I bought a new baby oscar today from the aquatics store :dancing:

He's really cute and there are some pictures of him just click the link http://i951.photobucket.com/albums/ad351/sufcsam94/IMG00062-20100418-1646.jpg
http://i951.photobucket.com/albums/ad351/sufcsam94/IMG00063-20100418-1647.jpg
?? :thumb: Please comment opcorn:


----------



## LSBoost (Jan 21, 2010)

Congrat, you need to host the image on a server like photobucket.com or imageshack and then link it here.

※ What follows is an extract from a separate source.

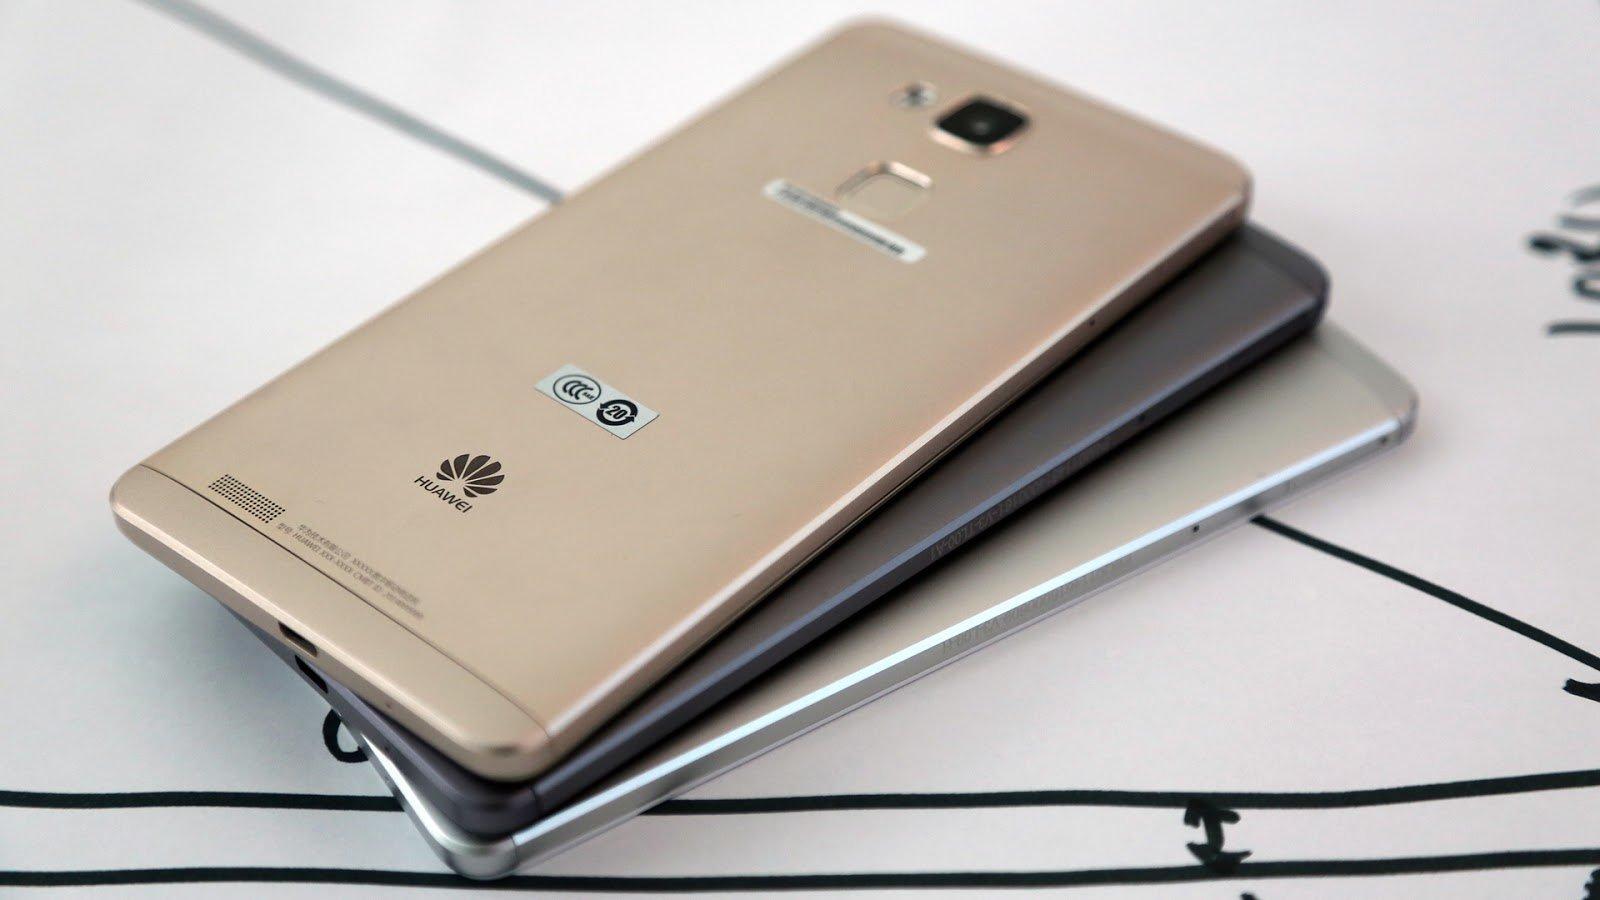 Huawei продала 100 млн. телефонов в 2018
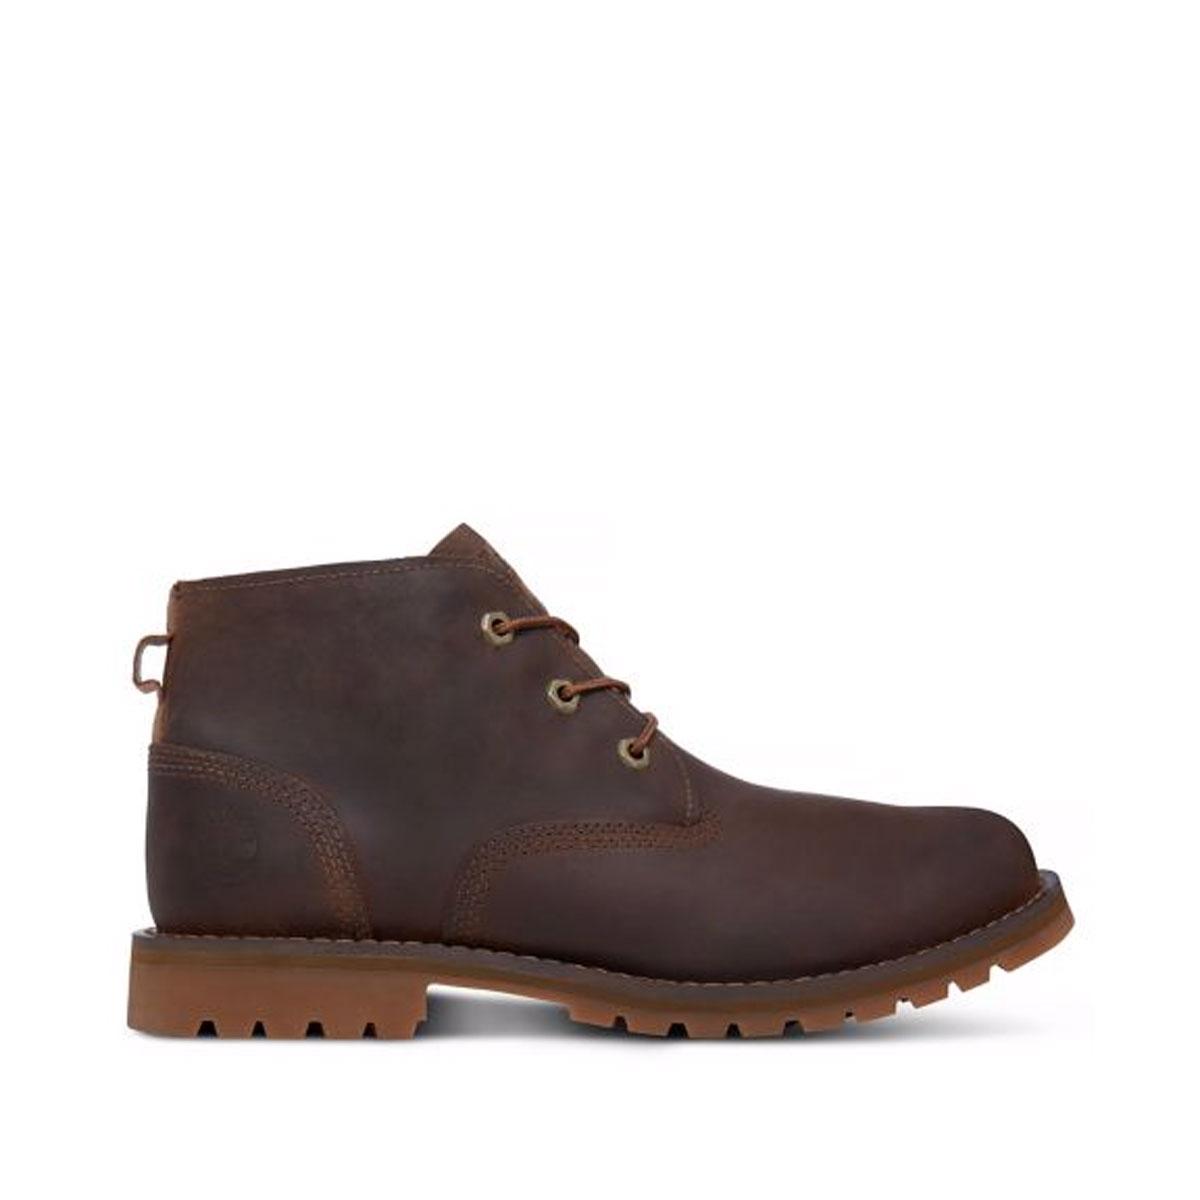 ... Image of Timberland Earthkeepers Larchmont WP Chukka Boots (Men\u0027s) -  Gaucho Saddleback (Dark ...

Click here for more details


----------



## sufcsam94 (Apr 14, 2010)

Cheers mate *** put the up :fish: :dancing: opcorn: :thumb:


----------



## johncl (Mar 10, 2010)

Good lookin red congrats.


----------



## Dj823cichild (Mar 30, 2009)

nice one sufcsam


----------



## Chiquita (May 4, 2010)

He's going to be a beauty when he grows up.


----------



## martngh (May 11, 2010)

nice post


----------



## CoolCichlid (Feb 12, 2010)

Wow! Very nice oscar!


----------



## Dj823cichild (Mar 30, 2009)

How is he doing now suf?


----------



## sufcsam94 (Apr 14, 2010)

He's doing really well he now has two more friends one is albino and the other I don't know what the other type is of oscar ! Plus he's not really a baby anymore  I will upload some pictures of all of them tomorrow


----------



## Dj823cichild (Mar 30, 2009)

Sweet can't wait to see them. Did you get a chance to see my Oscar Tiger? I have pictures in the one thread with boost.


----------



## PepoLD (Dec 9, 2009)

update?


----------



## Dj823cichild (Mar 30, 2009)

:fish: Hmmm


----------



## sufcsam94 (Apr 14, 2010)

These are the new pictures  http://i951.photobucket.com/albums/ad35 ... 5-2026.jpg
http://i951.photobucket.com/albums/ad35 ... 5-2025.jpg
http://i951.photobucket.com/albums/ad35 ... 5-2025.jpg[/list]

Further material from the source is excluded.